▶ Data segment:
<<<<
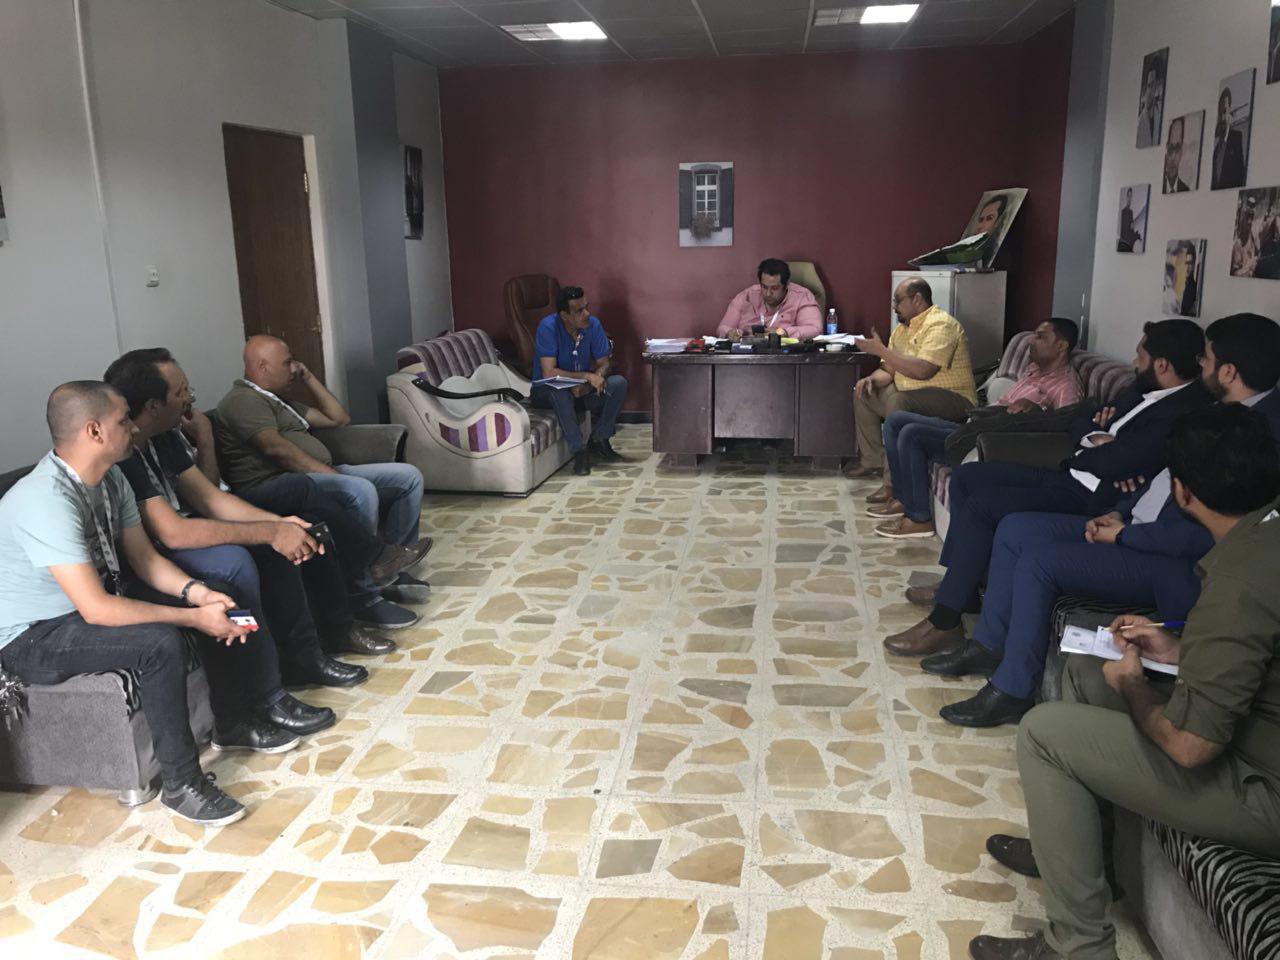 صورة مجموعة الامام الحسين الاعلامية وشبكة الاعلام العراقي تسعدان لاطلاق برنامج حول مشروع بيت المودة
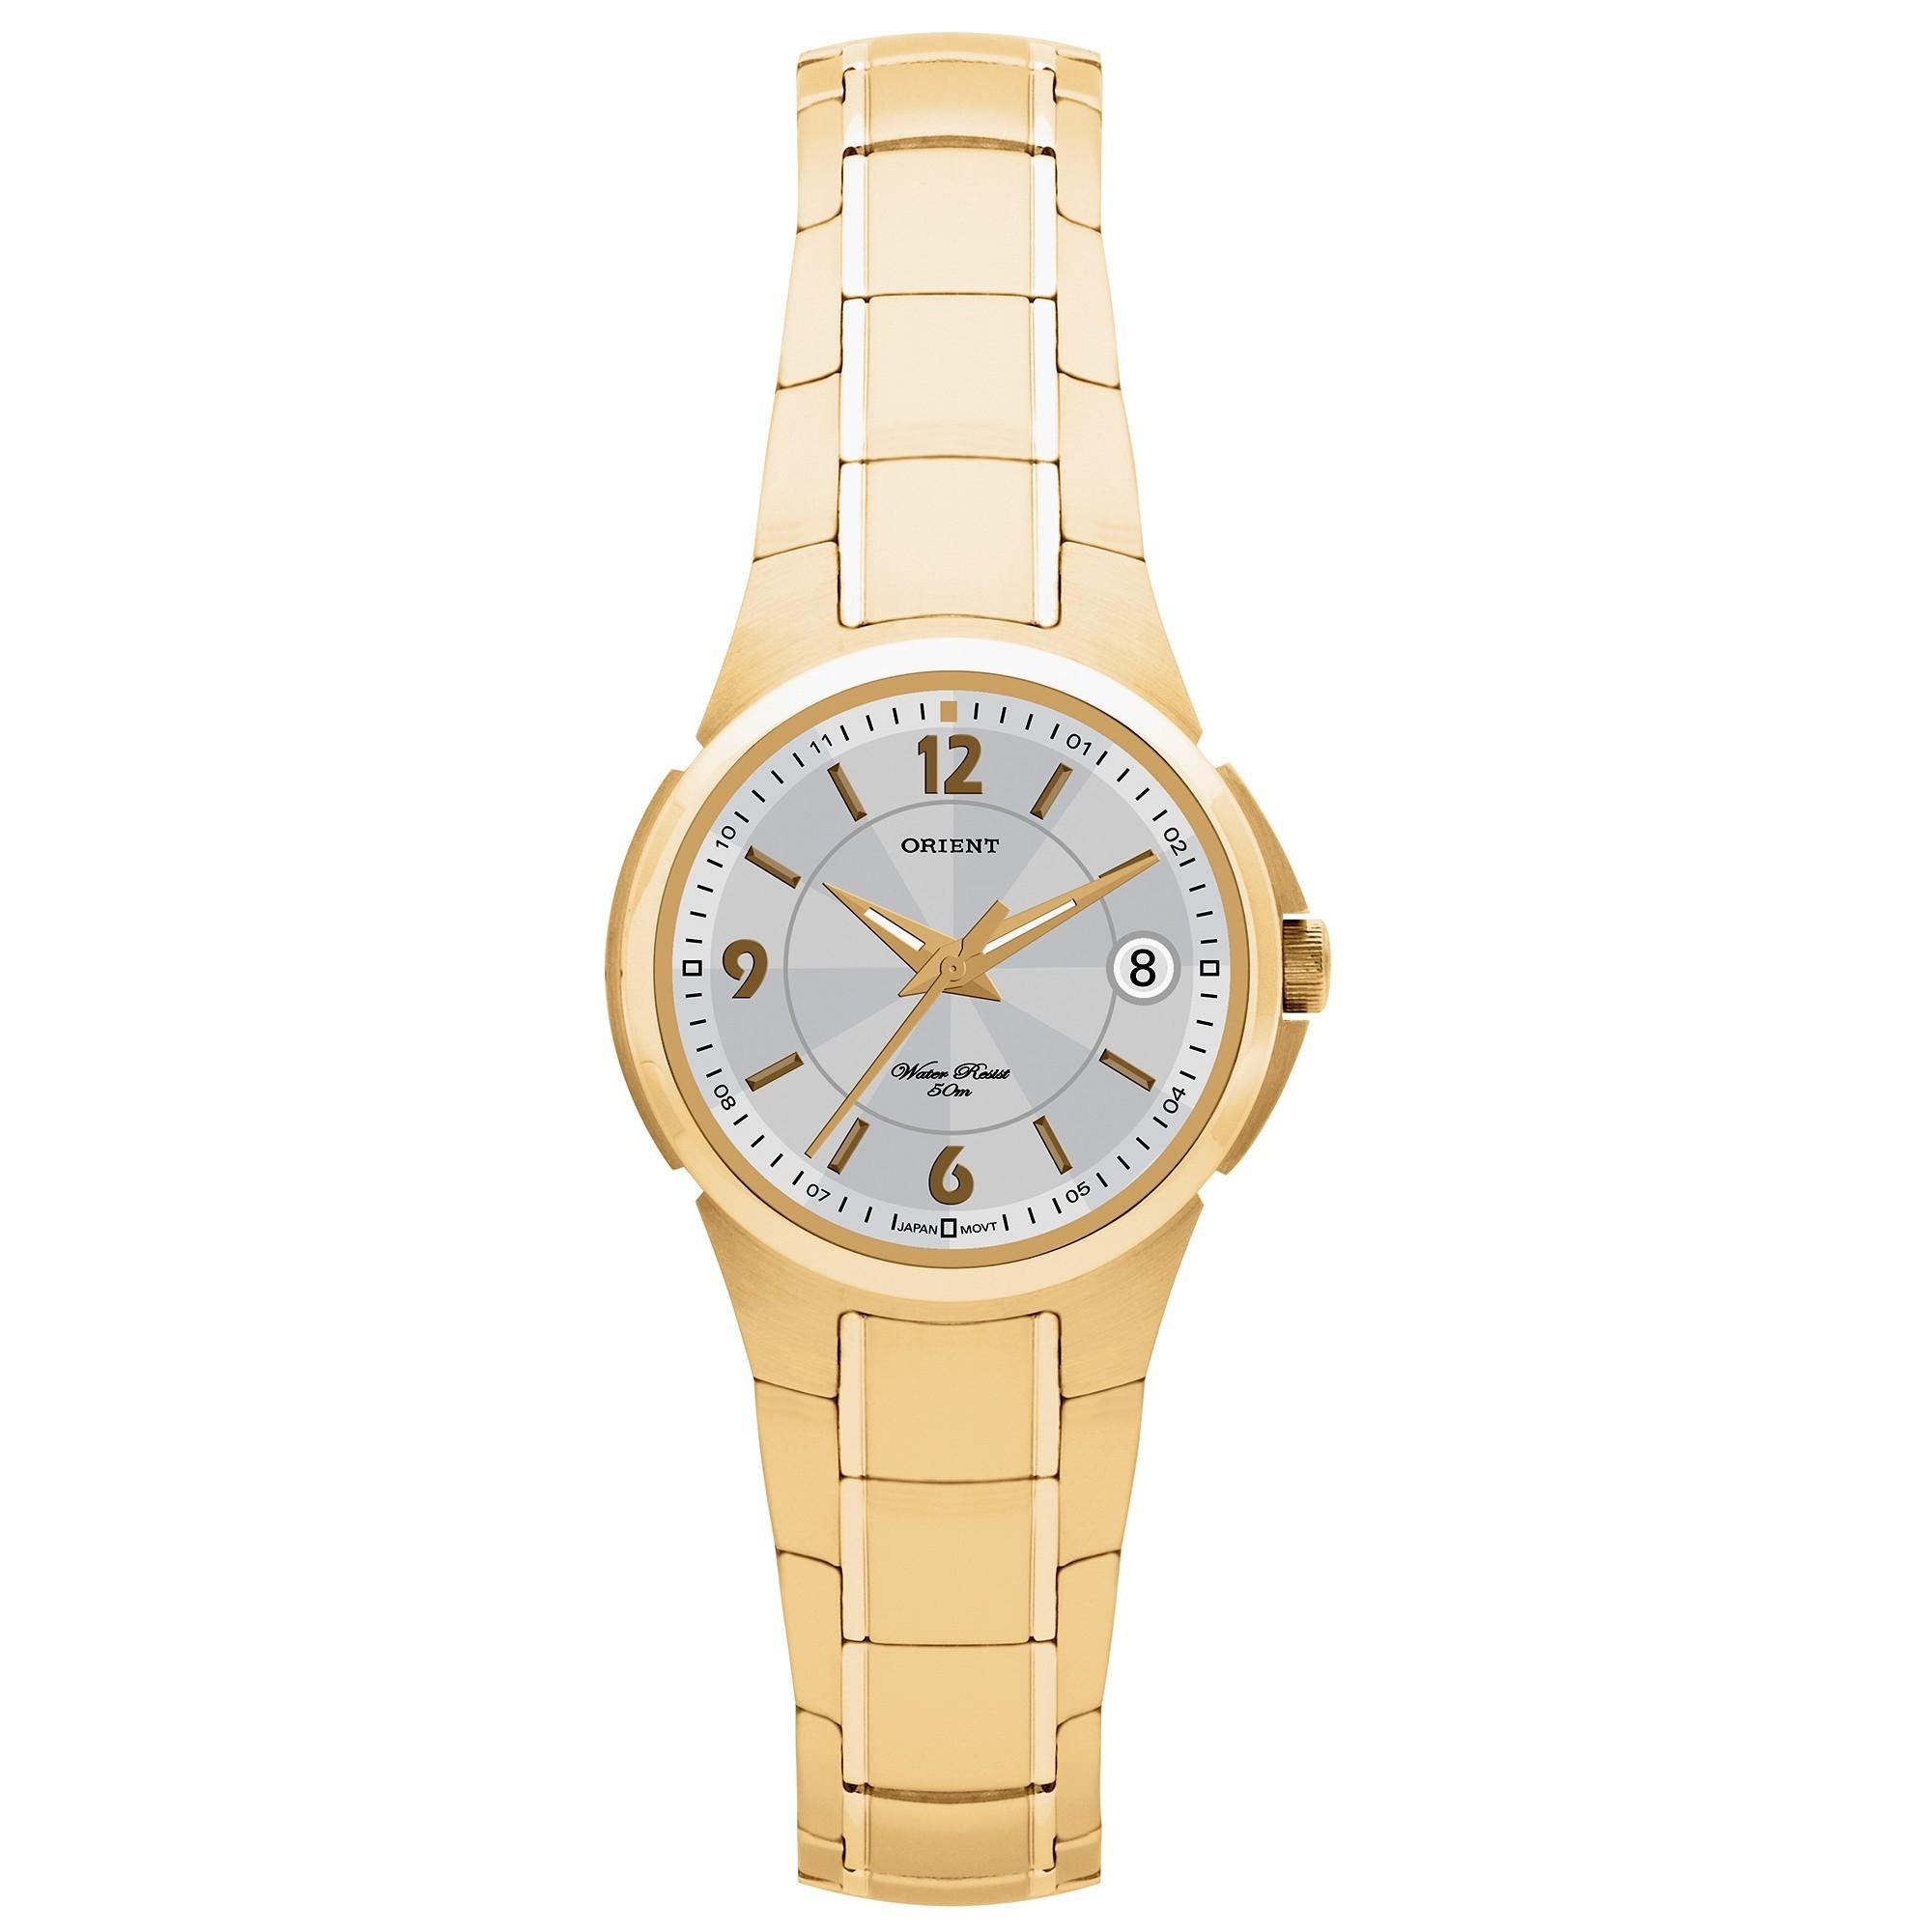 cd0f67c3ff0 Relógio Orient Feminino Dourado Fgss1006 S2kx - Hosana Time
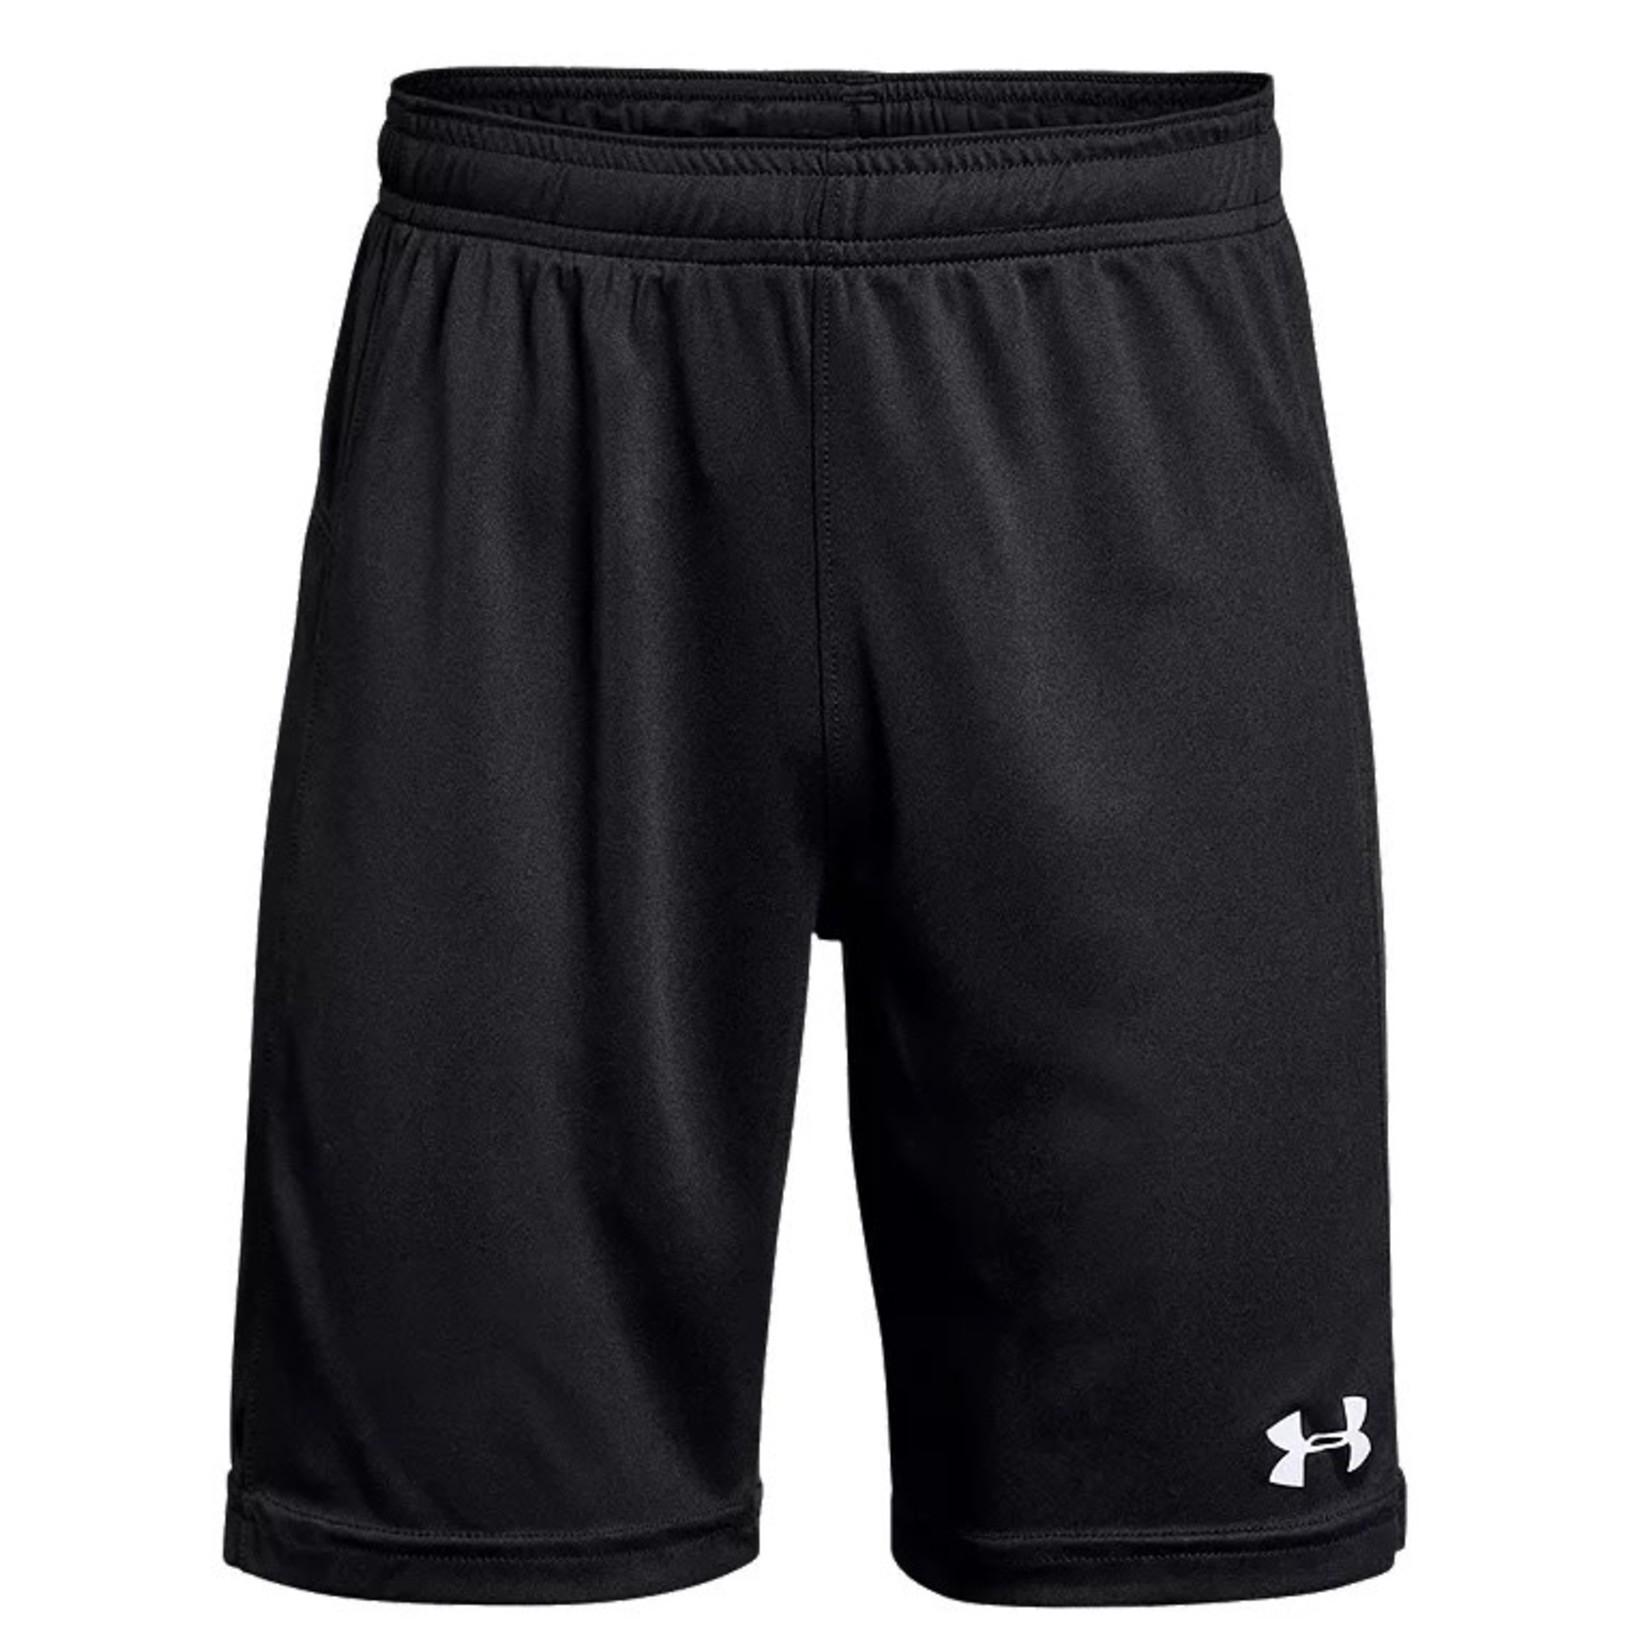 Under Armour Under Armour Shorts, Golazo 2.0, Boys
>>>>
▶ What the task asks:
Reproduce the whole listing word for word, setting aside any pictures.

▶ Result of this exercise:
 صورة مجموعة الامام الحسين الاعلامية وشبكة الاعلام العراقي تسعدان لاطلاق برنامج حول مشروع بيت المودة
 cd0f67c3ff0 Relógio Orient Feminino Dourado Fgss1006 S2kx - Hosana Time
 Under Armour Under Armour Shorts, Golazo 2.0, Boys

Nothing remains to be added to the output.